Rarely, there is someone who not only “gets” Holmes but writes with great creativity.  Steven Moffat is in that small league.

Holmes pastiches have been around for most of the last century, and mostly they fall into two categories: either pretty good or embarrassingly bad. The writer who “gets” Holmes and can write in character may do a workmanlike job of spinning another Holmes tale for the genre. Once in a while, rarely, there is someone who not only “gets” Holmes but writes with great creativity, and creates a new niche of Holmesiana. Carole Nelson Douglas did this with the Irene Adler novels, and the amazing Laurie King has done this stupendously well with the wonderful Mary Russell novels. Steven Moffat is clearly in this small league of extraordinary writers.  But a great many pastiches are simply flops. Anne Perry, a marvelous writer, penned a perfectly awful Holmes short story that I could just barely finish. I love her William Monk and Thomas Pitt novels, both set in the same period of Victorian England, but she missed the mark utterly when trying to write Holmes. Perhaps that reveals how hard it is to do this!

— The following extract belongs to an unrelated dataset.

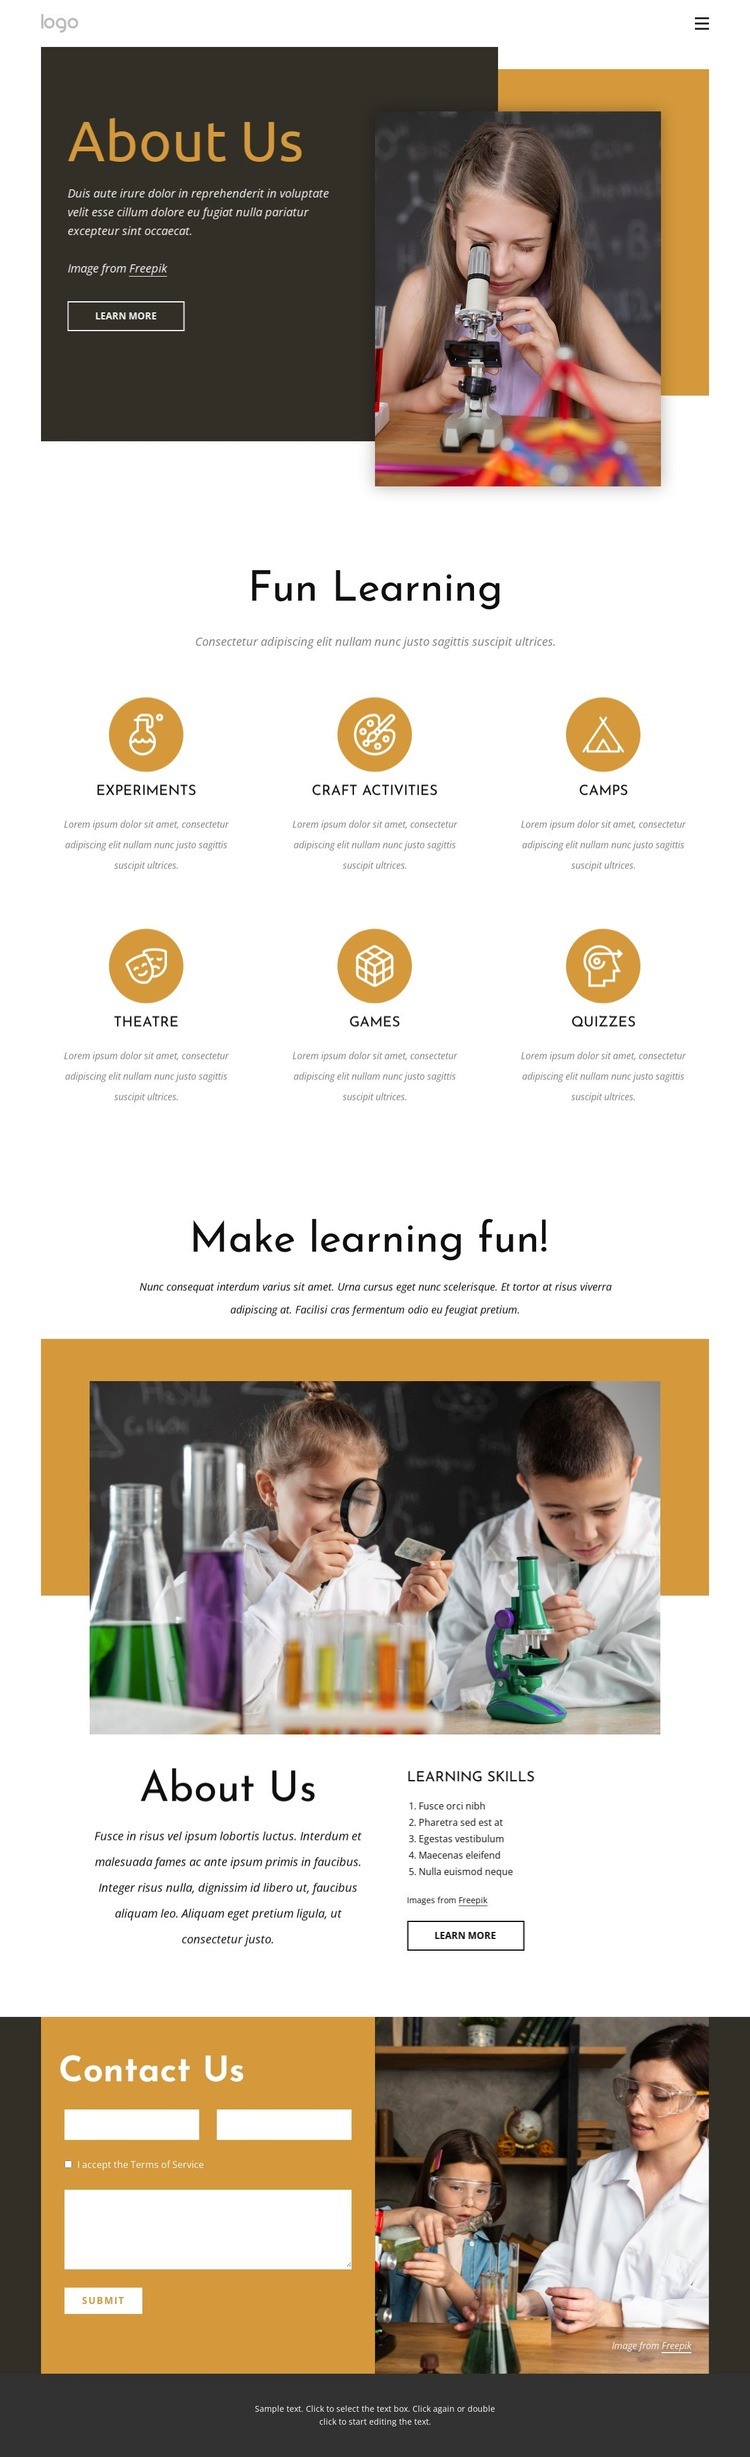 Fun learning Web Page Design

By the way, the quintessential portrayal of the classic Holmes on television has to be the incomparable Jeremy Brett (The Adventures of Sherlock Holmes, 1984-1994 Granada Television series), whose abrupt, quirky characterization accurately captured the tension and complexity of the Holmes of the classic stories in a way few others have done. This is an area of huge competition, since the cast of other actors who have had a stab at Holmes is amazing, ranging from John Barrymore and Peter Cushing to Christopher Lee and Peter O’Toole. Read the LIST OF ACTORS WHO HAVE PORTRAYED SHERLOCK HOLMES.

If you’re a die-hard Holmes lover like me, then Steven Moffat’s Sherlock , with Holmes portrayed by actor Benedict Cummerbatch, is required viewing. Moffat is probably the most creative writer in television today, a man who has actually come up with some truly new and never-before-thought-of twists in a genre mostly filled with hackneyed imitation. He grasps the essential core of the characters of Holmes and Watson, takes those fully and completely and aggressively into the year 2012, and goes to town. Elementary, on the other hand, is a fairly ordinary police procedural dressed up in Holmes clothing, something I will watch if I have nothing more urgent to do, but it is clearly not “destination television.”

Meh.

Season 3 of BBC Sherlock, starring Benedict Cummerbatch,
will air on Masterpiece Theatre sometime in 2013.